• _TASK REQUIREMENTS_
Your task is to copy the data exactly while leaving out every picture.

• _INFORMATION PROVIDED_
▼▼▼
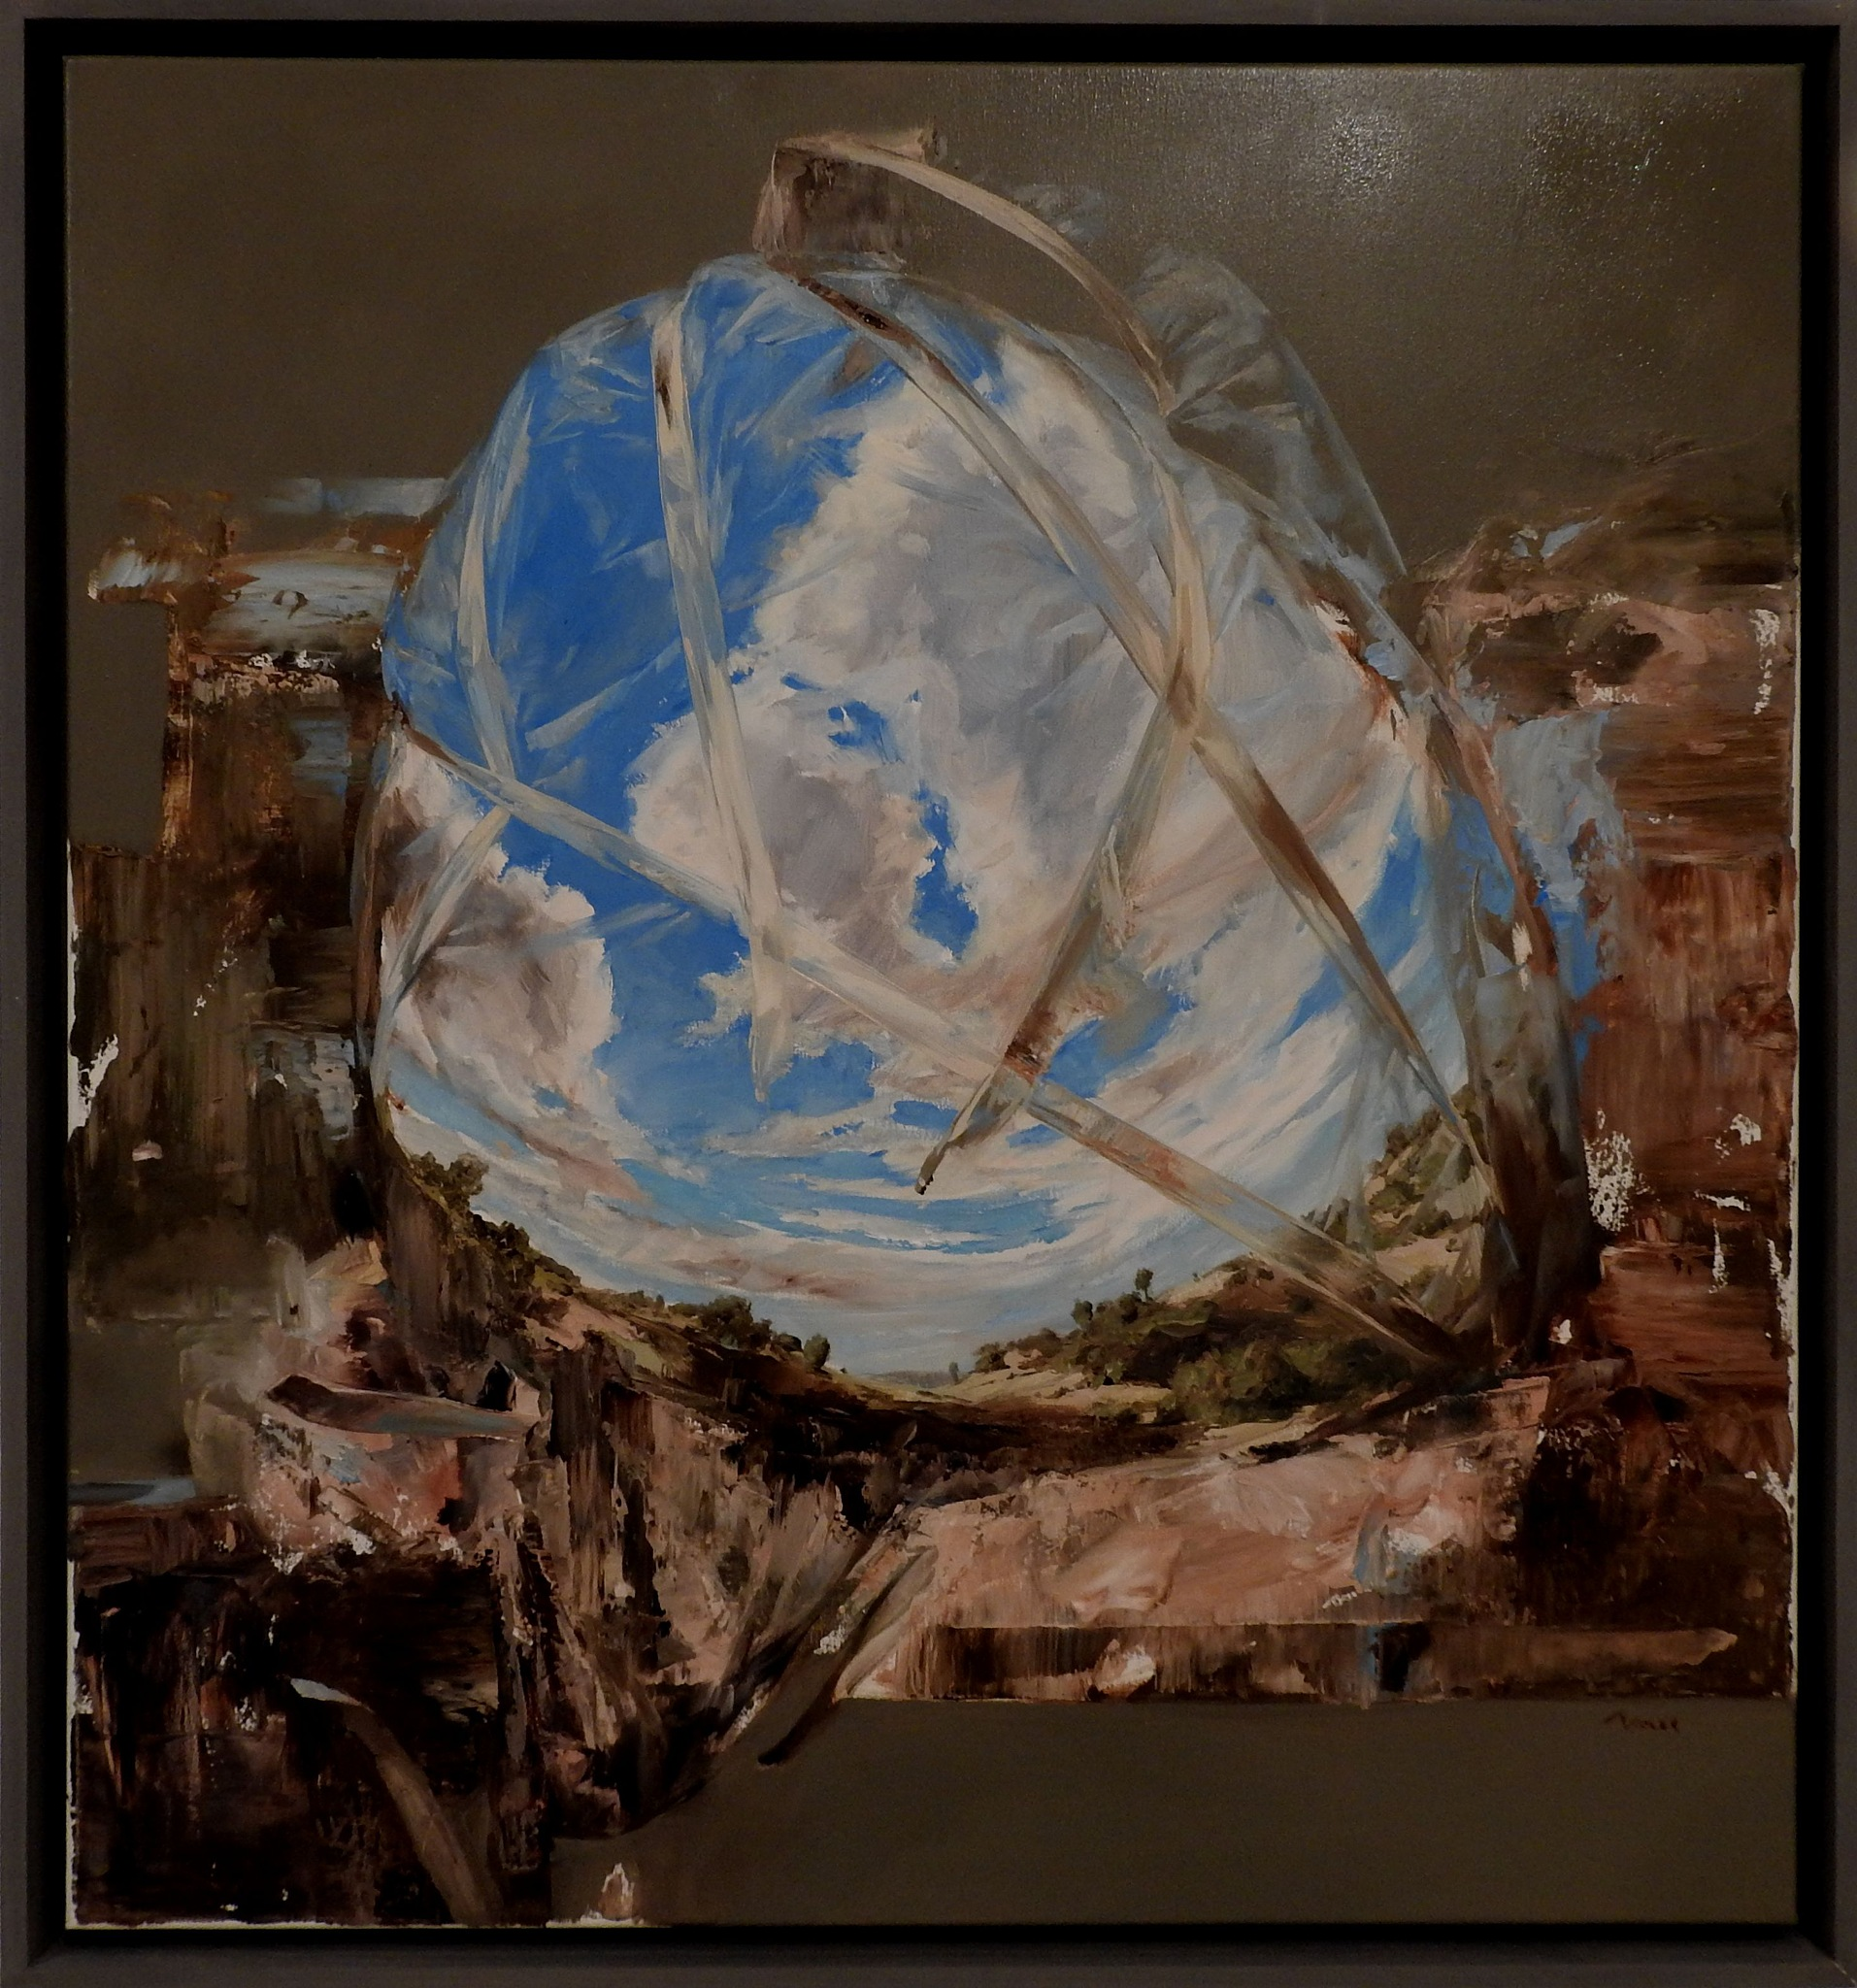 NAPOLI INCONTRA LA RIFORMA - Mózes Incze - Shift Ctrl S - Arte visionaria contemporanea by Delirium Tremends 62
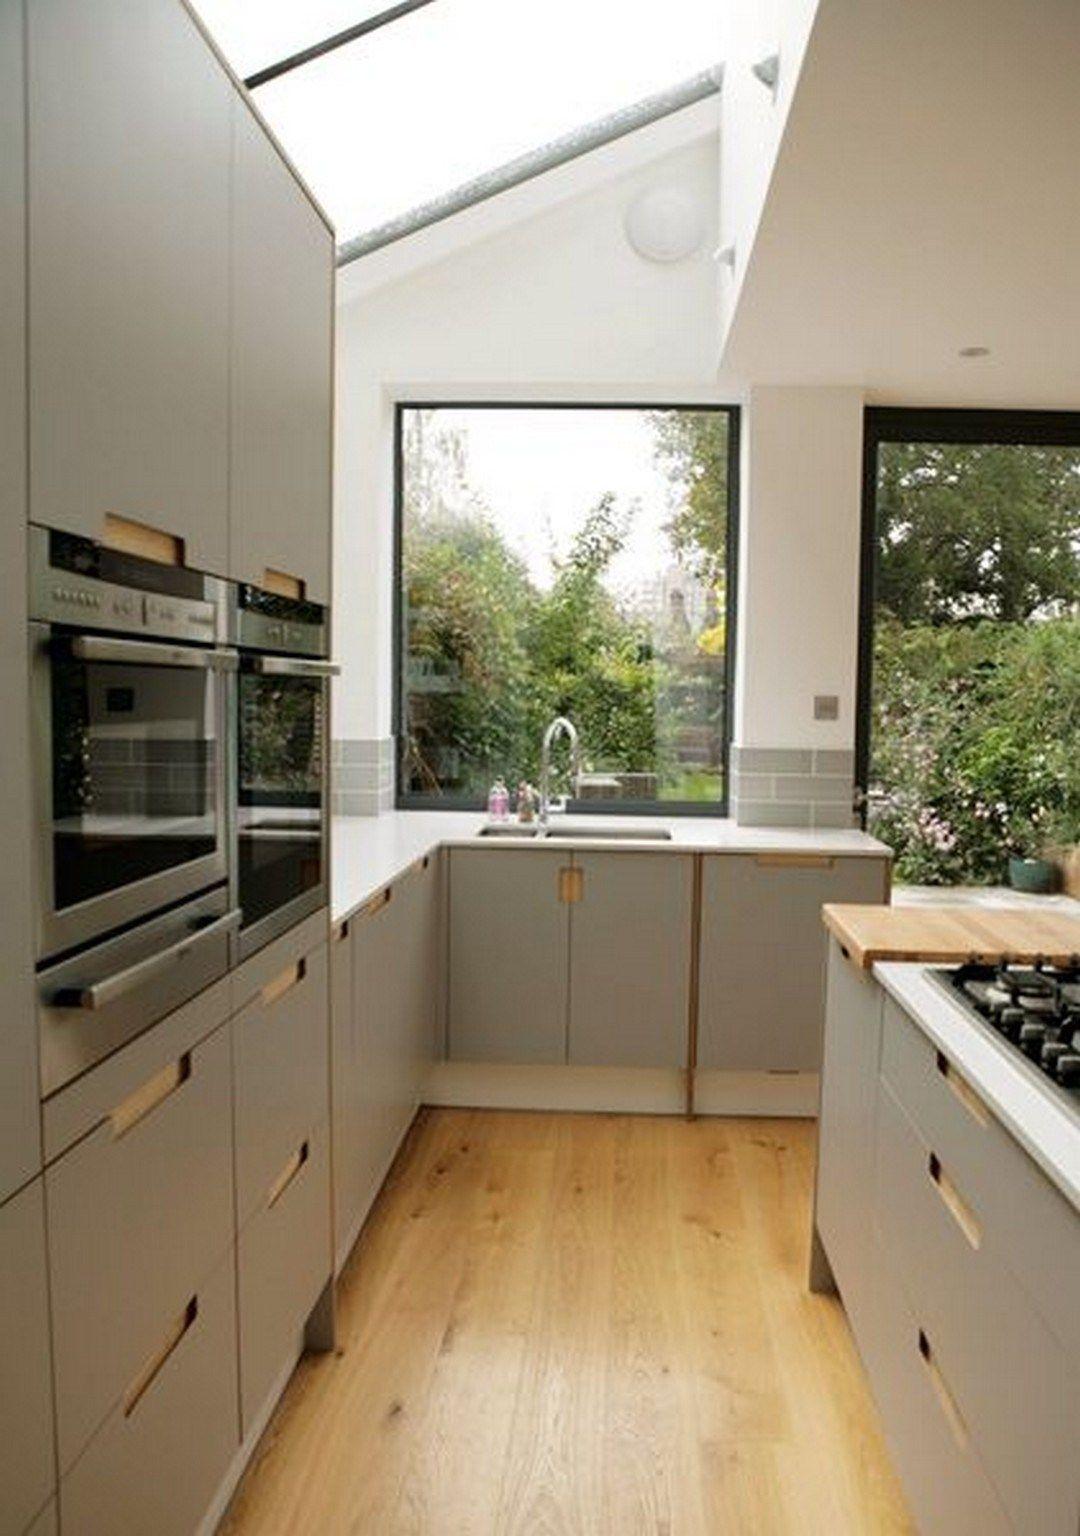 41 Elegant L Shaped Kitchen Design Ideas 15 Plywood Kitchen Kitchen Layout Diy Kitchen Renovation
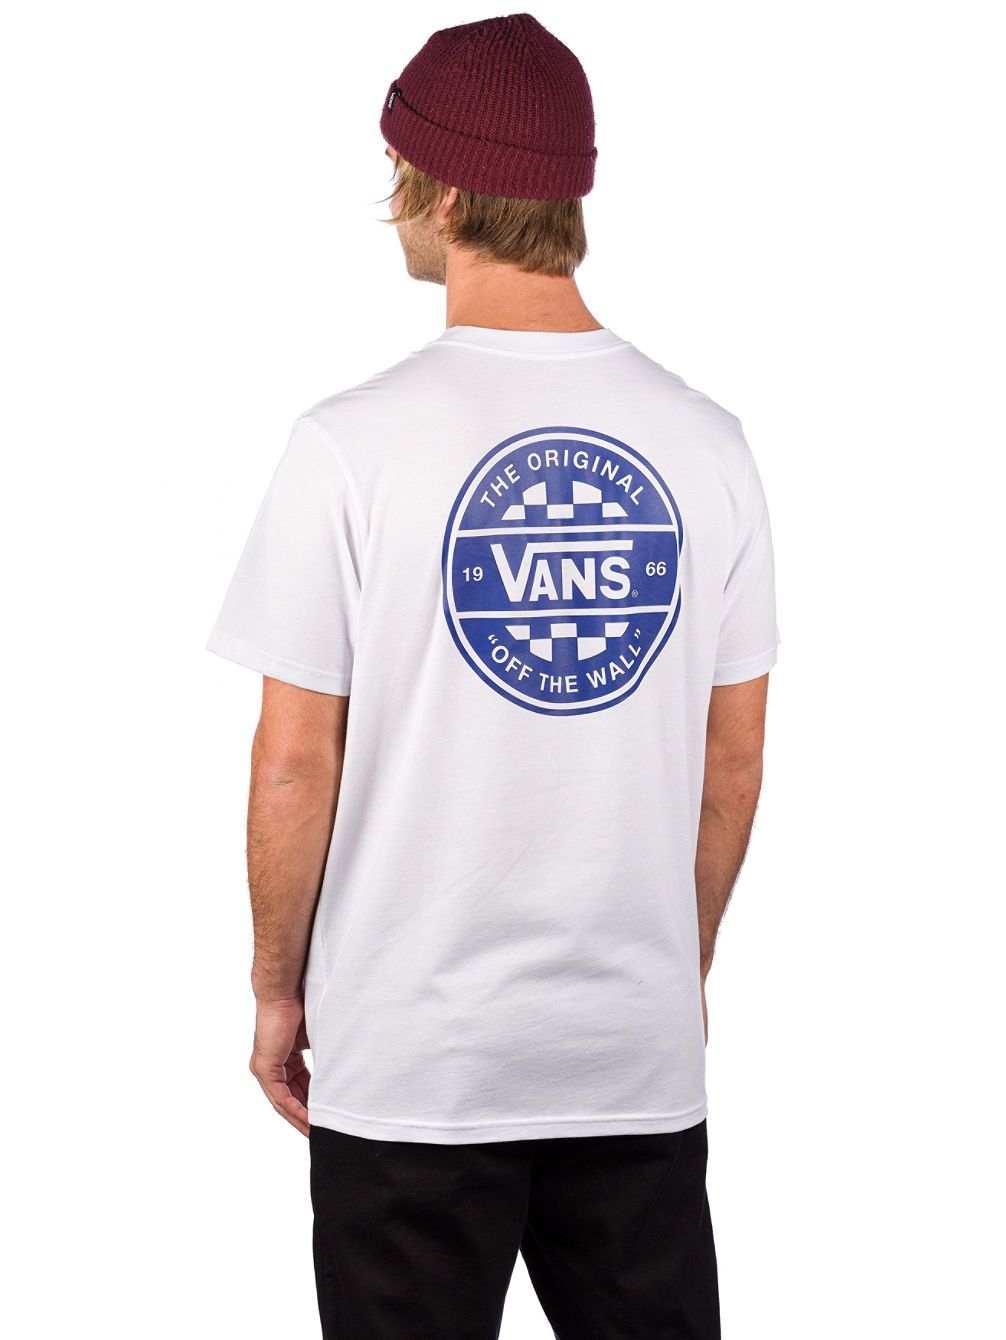 3498156ee32 Buy Vans Checker Co. T-Shirt online at blue-tomato.com
▲▲▲
• _REPLY_
 NAPOLI INCONTRA LA RIFORMA - Mózes Incze - Shift Ctrl S - Arte visionaria contemporanea by Delirium Tremends 62
 41 Elegant L Shaped Kitchen Design Ideas 15 Plywood Kitchen Kitchen Layout Diy Kitchen Renovation
 3498156ee32 Buy Vans Checker Co. T-Shirt online at blue-tomato.com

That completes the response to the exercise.